Protection behaviors are especially crucial for individuals with risk factors for skin cancers related to UV exposure, such as fair complexion, light-colored eyes, blond or red hair, and tendency to burn or freckle with exposure to the sun. Individuals with these characteristics have been shown to be more likely to use sun protection than other individuals and may be receptive to educational interventions on prevention [187]. Protection from the sun is also crucial for children, as they are at highest risk for sunburn and because they may receive as much as two to three times the sun exposure as adults [195]. Special attention should be given to children with a family history of skin cancer. One study found that frequent sunburns, suboptimal use of sunscreen, and high rates of tanning salon use were evident among children of mothers with a personal or family history of skin cancer [196]. Reinforcing sun protection habits in young children can enhance the likelihood that the habits will be continued through adolescence and adulthood [197]. The appropriate use of sunscreen in childhood may reduce the lifetime risk for nonmelanoma skin cancer by up to 78% [198].

Fact sheets on prevention targeted to different grade levels are part of the Centers for Disease Control and Prevention (CDC) Sun Safety Resource Toolkit, which is available on the CDC website.
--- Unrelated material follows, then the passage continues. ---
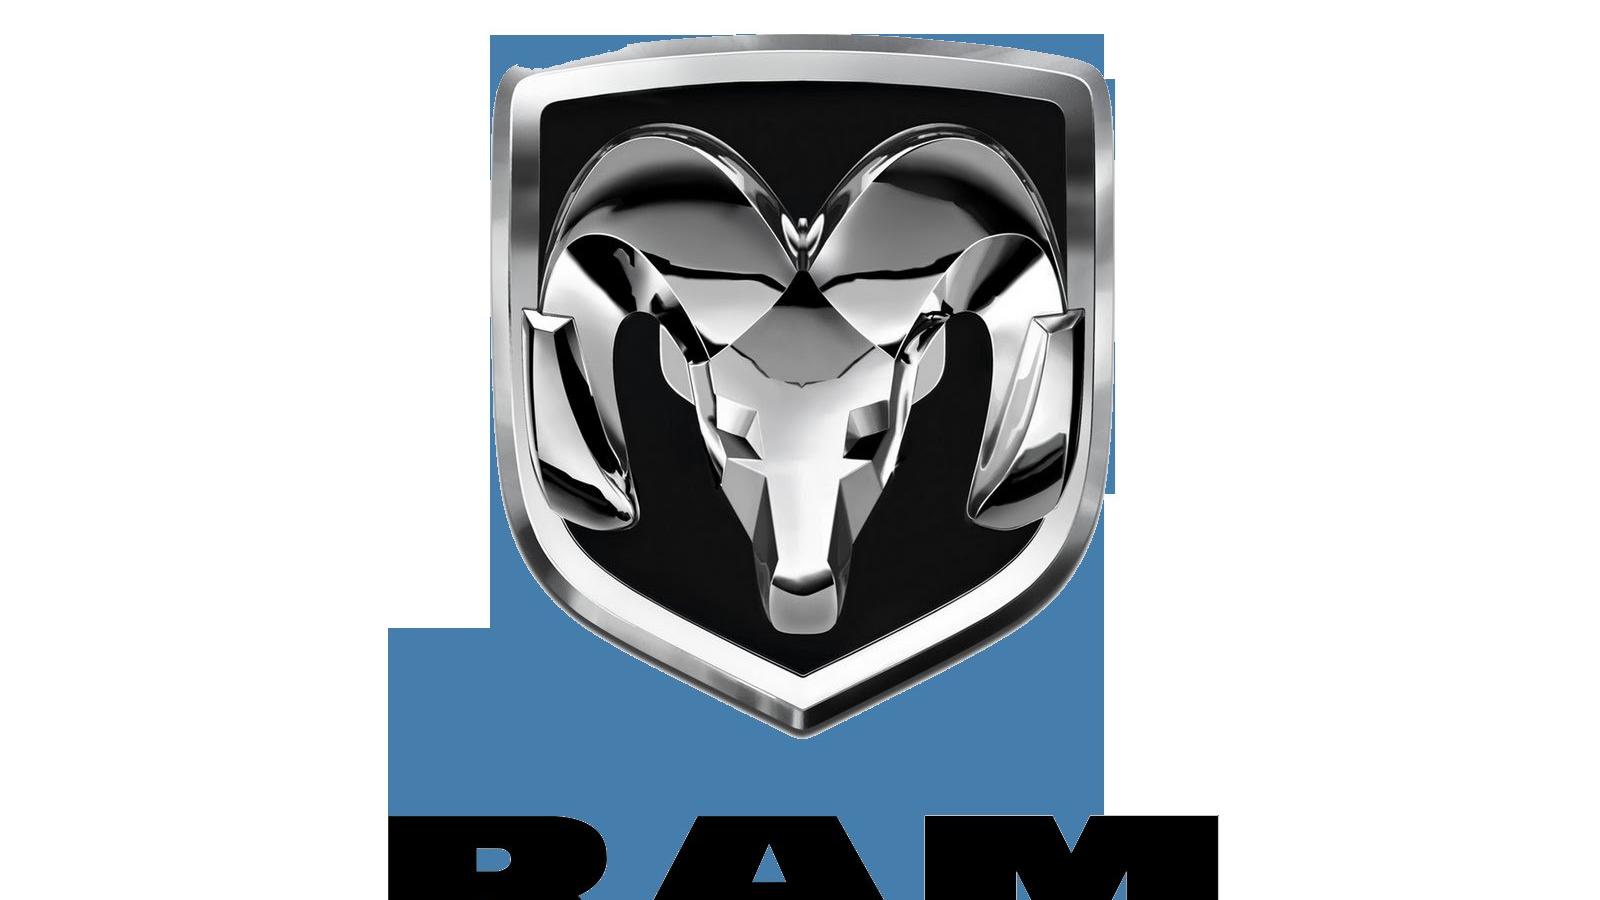 Dodge Ram Logo Wallpapers Image Desktop Background
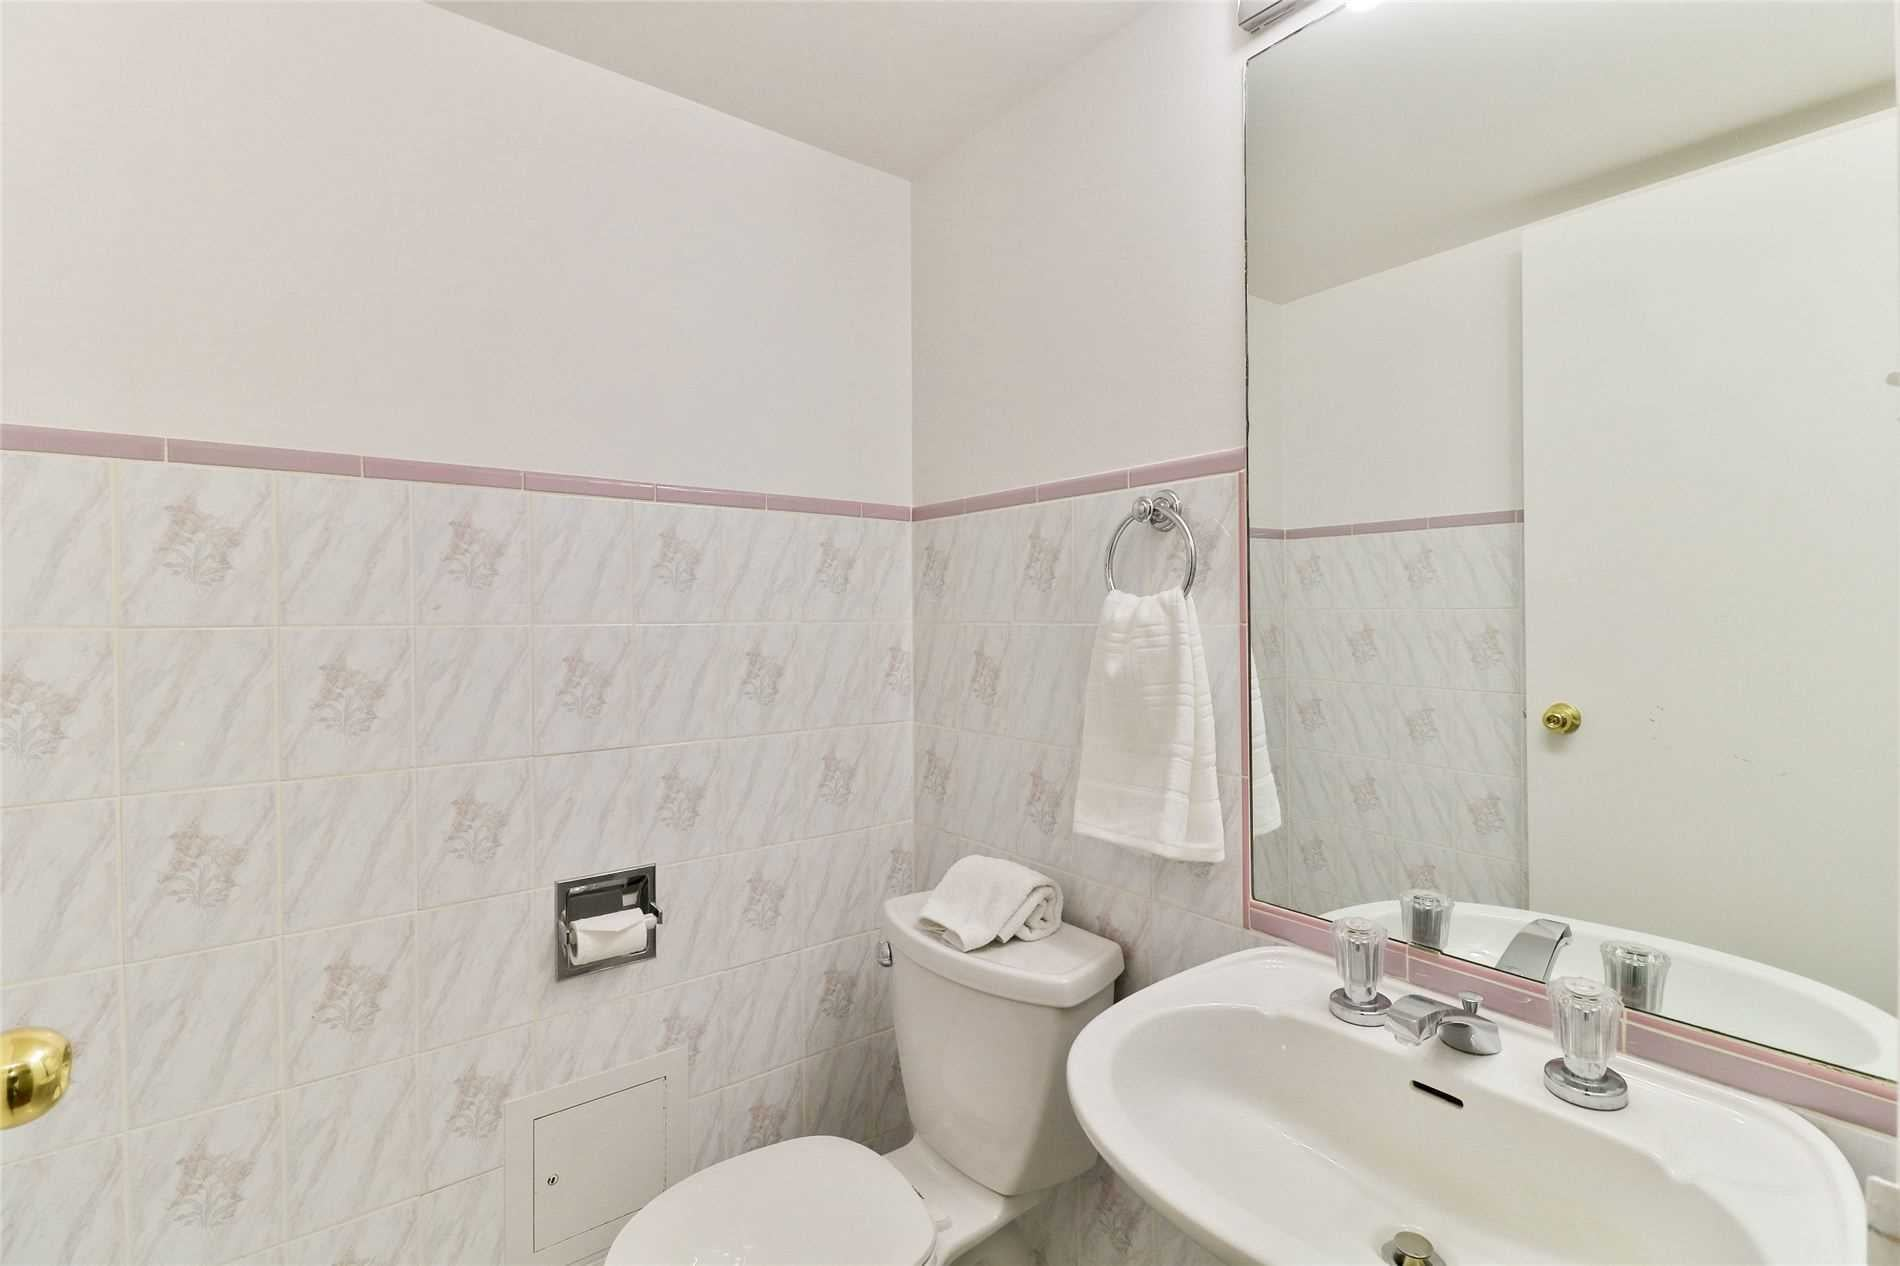 304 - 35 Church St - Church-Yonge Corridor Condo Apt for sale, 1 Bedroom (C5399330) - #19

Healthcare professionals should also talk to their patients about the hazard of indoor tanning facilities, targeting those patients who are most likely to use such facilities. According to the 2018 HINTS, 87% of individuals indicated that their physician had not talked them about reducing rates of exposure to the sun or indoor tanning devices [199]. As noted, rates of indoor tanning have been decreasing since the early 2000s, but in 2015, 3.5% of adults and 7.3% of adolescents still used indoor tanning [67,68,69]. The highest rate of indoor tanning is among White women 18 to 21 years of age (20.4%) [69]. The danger of indoor tanning for youths has led at least 44 states to establish legislation restricting youth's access to such facilities. In addition, 19 states and the District of Columbia have passed legislation banning the use of tanning beds for all children younger than 18 years of age [71]. Most tanning facilities require parental consent for minors (younger than 18 years of age), and healthcare providers should encourage parents to decline giving consent. The FDA continues to review the growing body of literature linking UV radiation exposure from tanning devices and skin cancer in consideration of stricter regulations overall. In 2014, the FDA changed labeling requirements for sunlamp products and ultraviolet or UV lamps used in indoor tanning salons from low-risk to moderate-risk devices. The agency has also required the products to carry a black box warning. The warning must be visible to consumers and must state that the product should not be used for people younger than 18 years of age [206].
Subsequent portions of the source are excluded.